Part 3: Tip number 5 to improve project estimates

Project Estimation Methods

The following content is based on the whitepaper, “Bigger Than a Breadbox: 10 Tips for Better Project Estimates, Part 1,” written by Jerry Manas. For your reading convenience, we’ve decided to give it everlasting life here on the blog.

Much like a GPS uses satellite information on traffic patterns to calculate the remaining time on your trip, project estimation methods help you maintain a realistic project schedule. Contributor estimates, earned value, and earned schedules are all reinforced by Project Portfolio Management (PPM), which provides you with visibility throughout the entire organization and enables you to make more accurate plans. Guess you could say it’s the GPS of estimating.

Before reading ahead, we suggest you read up on the previous parts of this series, listed below:

Tip 5: The GPS of Estimating

  1. Contributor estimates

Contributor Estimates are a crucial, but often overlooked, aspect of project estimates. Resources executing tasks on their timesheets can and should provide the “current remaining estimate” of tasks they’re responsible for each week. This keeps the project schedule accurate in terms of remaining time and reflects the ongoing viewpoint of the people executing the tasks. Likewise, project managers should stay in communication with resources and resource managers to ensure availability for upcoming work.

  1. Earned Value

From a cost and value perspective, some organizations use Earned Value as a gauge for what’s remaining on a project. The concept is to take the percentage of work completed times the overall budget to speculate how much relative “value” has been achieved so far, compared to the value expected by this point. Earned Value is also often used to predict what it’s going to cost to complete the remainder of the project (Estimate-to-Completion) and what the overall project will end up costing (Estimate-at-Completion). The correct way to employ Earned Value is to base the percent-complete progress on weighted milestones, as not all tasks are created equal. The key point to remember is that Earned Value is not about schedule, but rather about value and budget.

  1. Earned Schedule

There is a rarely used derivative form of Earned Value called Earned Schedule, which attempts to determine the difference between when value for a task was delivered vs. when it should have been delivered. The intended result is to better identify schedule variances in a time-based manner. Those who have used Earned Schedule claim it to be a valuable and effective approach to schedule management. Even so, this does not take the place of contributor estimates, and can be used in conjunction with that.

Elevate PMO Success Solution Brief

 

Where PPM Technology Fits In

Project Portfolio Management (PPM) solutions are used by many to address some of the project estimation challenges we’ve touched on in this series, and there’s a good reason for that. A good PPM application can go far to help you solve some of your problems, although as mentioned above, it should never be thought of as a replacement for the expertise and subjective opinions of SMEs and engaged project and resource managers.
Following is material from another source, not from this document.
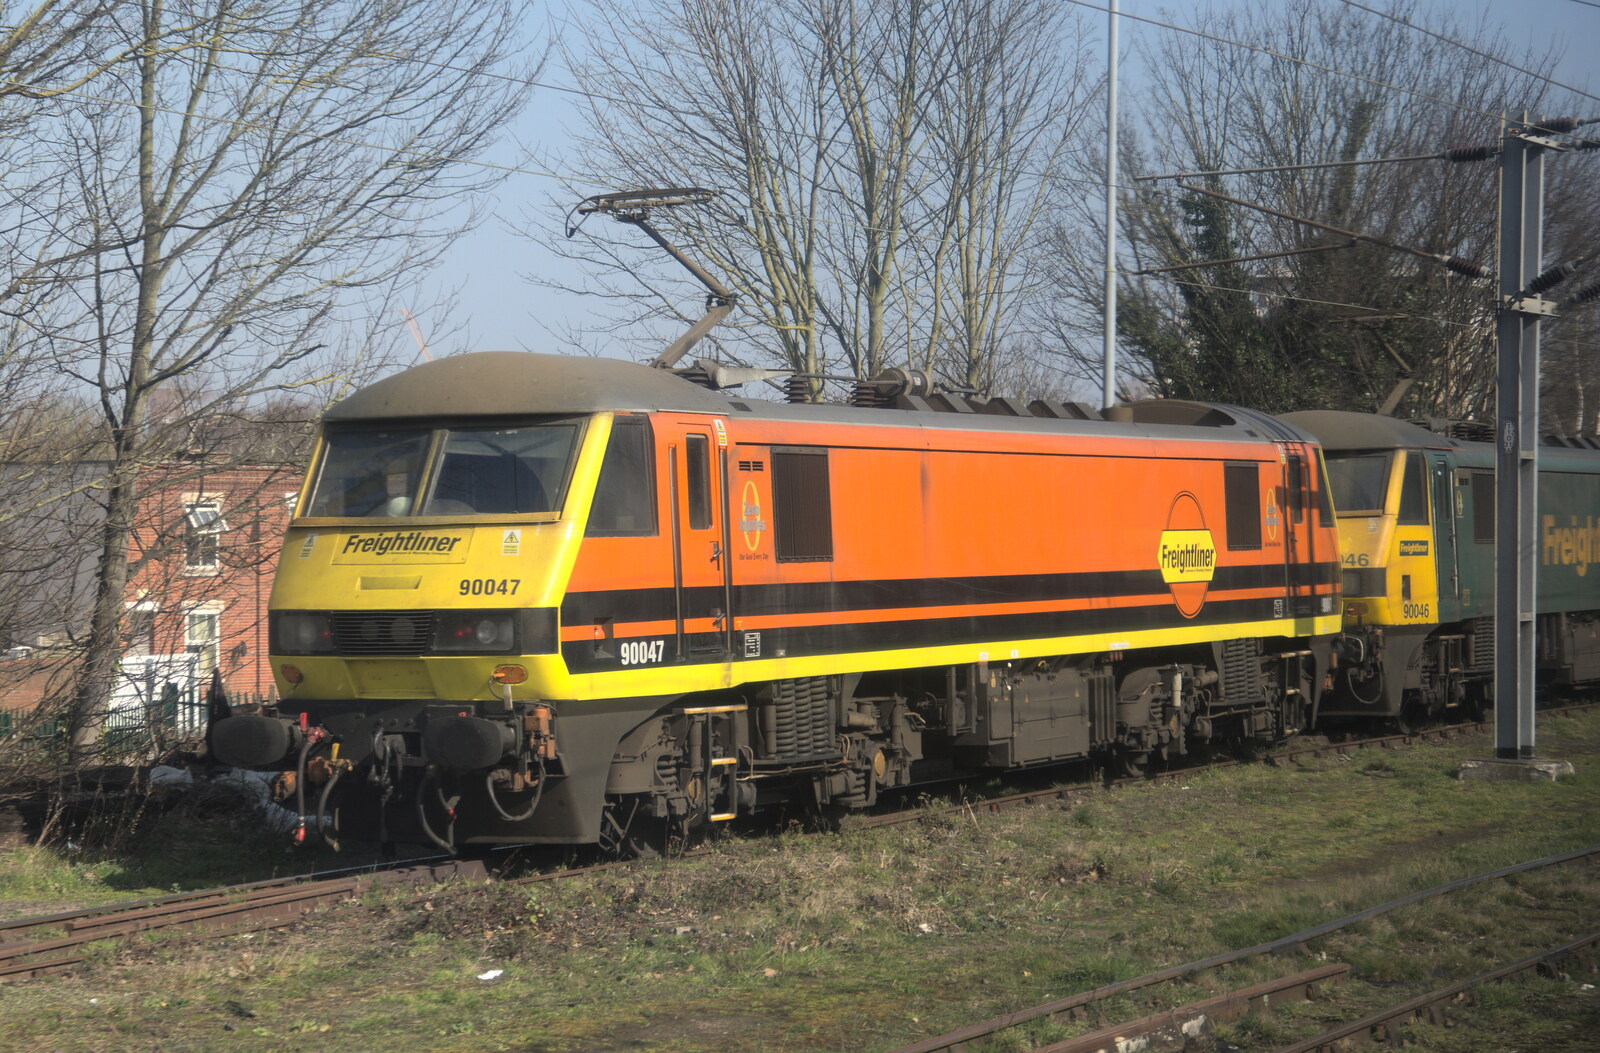 An old Class 90 - 90047 - at Ipswich from Genesis at the O2, North Greenwich, London - 24th March 2022

But first: what’s a “good” PPM application?

First: they span the enterprise and gather data from every department, giving you visibility into what’s coming so you can really plan. That’s the good news—and the bad. If you (or those you’re working with) are still on spreadsheets or project-based, desktop apps, this means change. But the outcome will be worth it, both in stress and in value. Forrester calculated the ROI of PPM to be 255% for on-premise, 281% for SaaS, with payback within 12 months. Your mileage may vary, but it’s probably worthwhile to kick the tires.

Speaking of analysts: that’s one thing to check.

Forrester, Gartner, IDC, and others are good barometers of quality. As far as individual solution capabilities to look for, these are as varied as the organizations deploying the solutions—you’ll know what matters to you: ease of use, good analytics, visibility into capacity and demand, and the like. Insofar as cost issues are concerned, these can often be reduced by opting for a cloud-based deployment, assuming this is allowed by your organization.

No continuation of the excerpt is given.